I'd like to propose that we close this ticket, since we've decided we are no longer going to be using Graphoid in its current implementation (and have already started undeploying it). Once the RFC at T249419 concludes, I imagine we would want to create some fresh tickets for the work involved, rather than recycling this one. Any objections?

So who has taken stewardship over the service for its remaining operation and to do the work done/being done to enable its client component and to undeploy and decom the service and its MW integration?

The undeployment/client-side enabling is being handled by @Jseddon.

For supporting Graphoid's final days and decommissioning the service after it's full undeployment, I'm assuming Service Operations would handle that. Is that a good assumption, @akosiaris?

I'd like to propose that we close this ticket, since we've decided we are no longer going to be using Graphoid in its current implementation (and have already started undeploying it). Once the RFC at T249419 concludes, I imagine we would want to create some fresh tickets for the work involved, rather than recycling this one. Any objections?

+1

The undeployment/client-side enabling is being handled by @Jseddon.

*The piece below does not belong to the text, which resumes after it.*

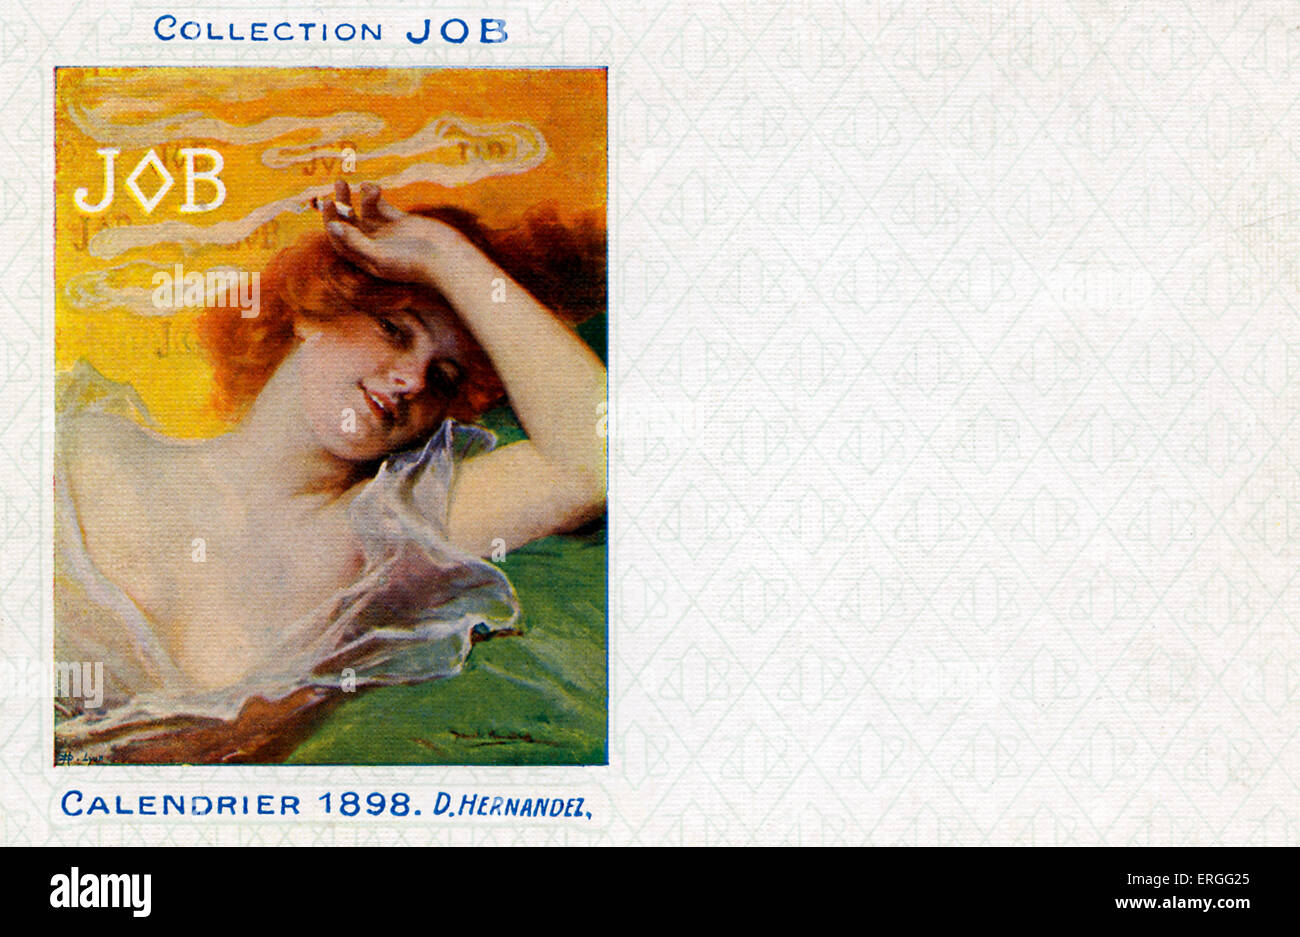 Collection Job - 1898 Calendar by D. Hernandez. Late 19th century French advertisement for cigarette papers. Stock Photo
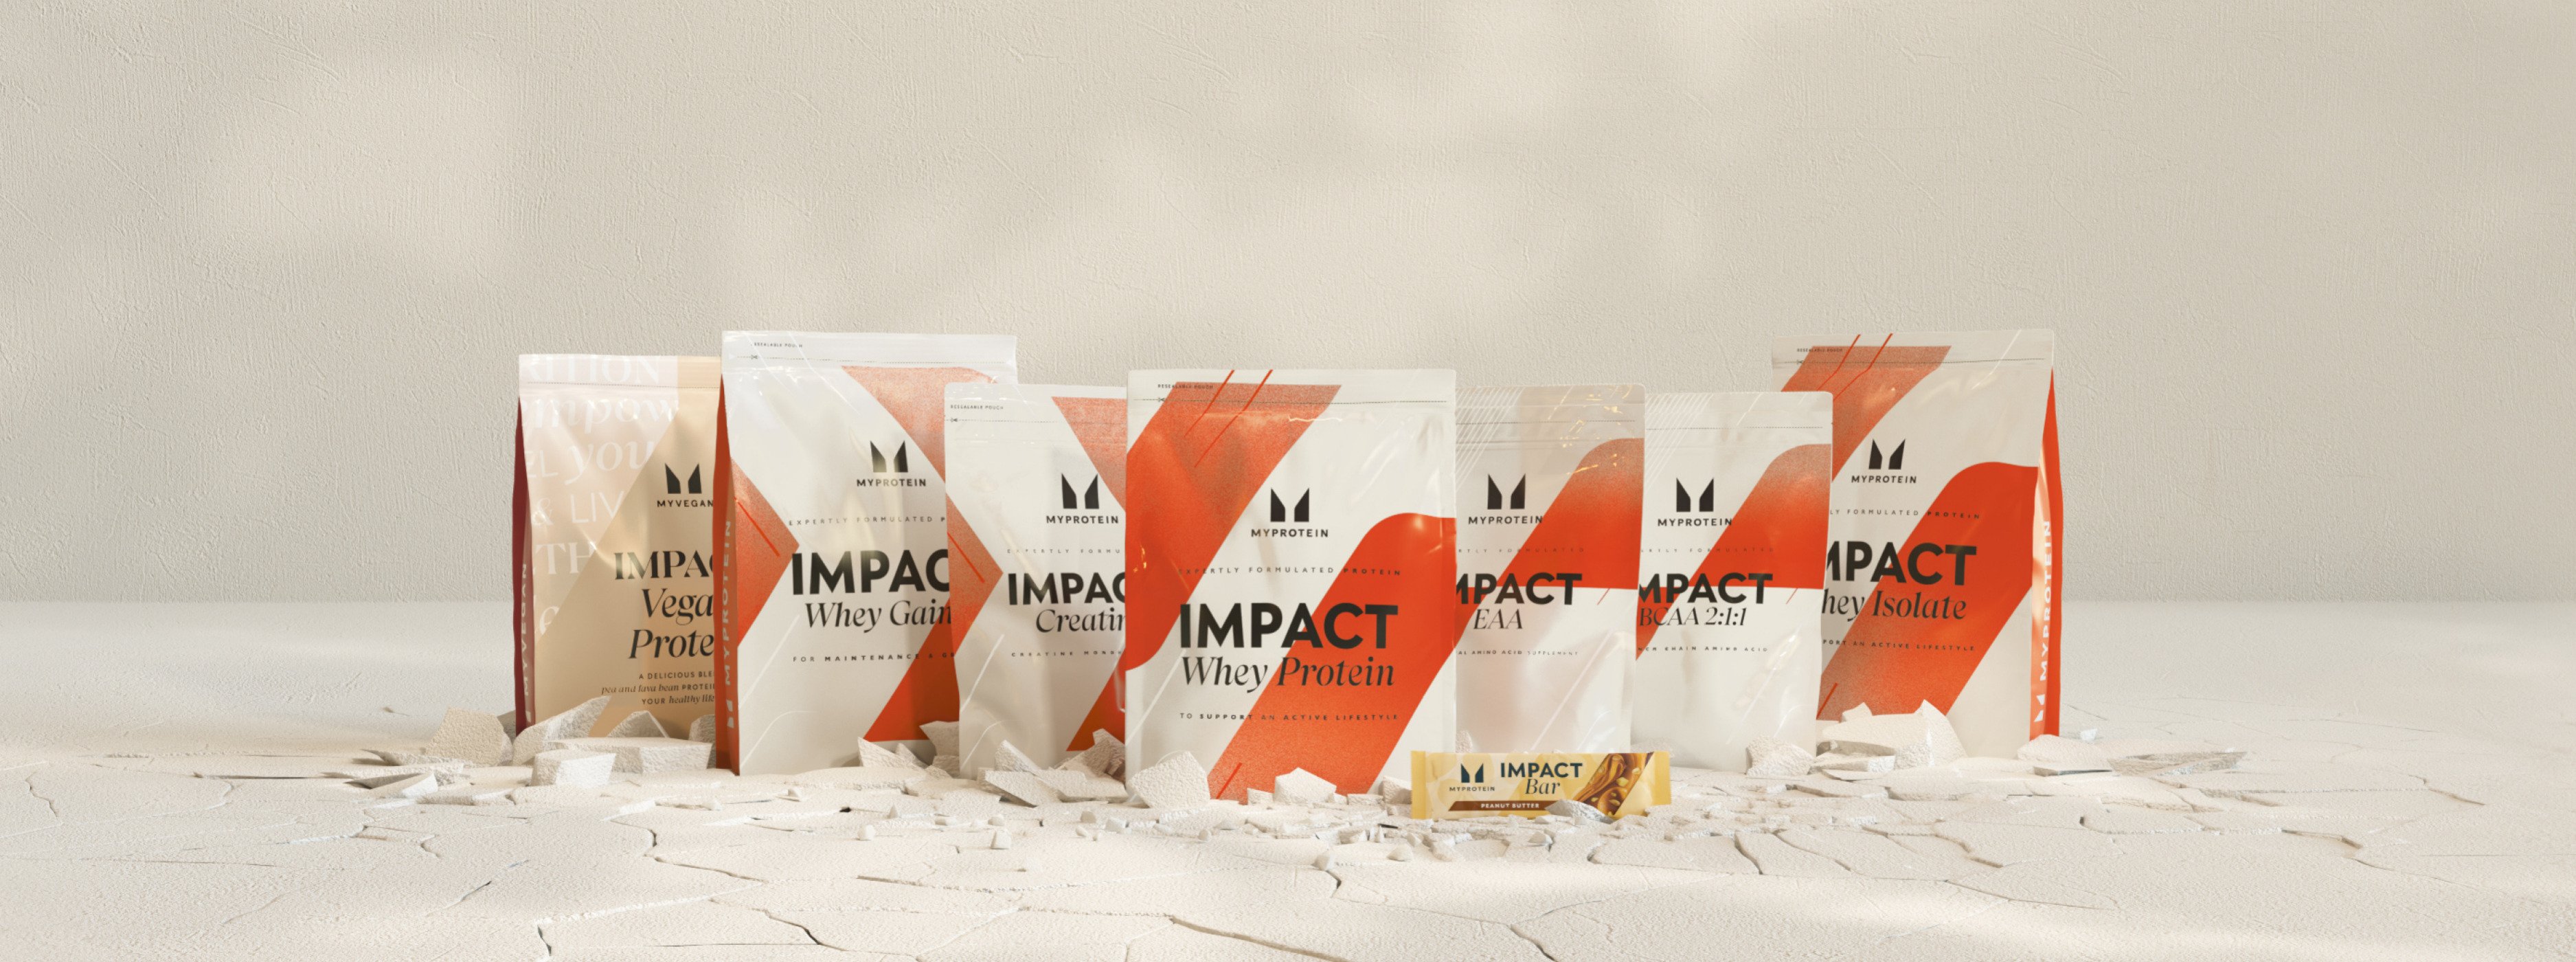 Impact Week Gives You More | All You Need To Know

For supporting Graphoid's final days and decommissioning the service after it's full undeployment, I'm assuming Service Operations would handle that. Is that a good assumption, @akosiaris?

Yes that's correct. Once the phased per wiki undeployment is done (tracked in T242855), we 'll take over the remainder of the actions in that task and remove it service itself from the infrastructure.

(This is intended to be a response to T334940#9424739, but posting it as this task has more context)

Note (and warning of potential code reusers): The last (before archival) version of graphoid is prone to RCE due to CVE-2020-26296. For a POC, see https://github.com/vega/vega/issues/3018#issuecomment-748929438

In addition, there are 0-days in current version of Vega and Vega-lite (see T336595#8888955).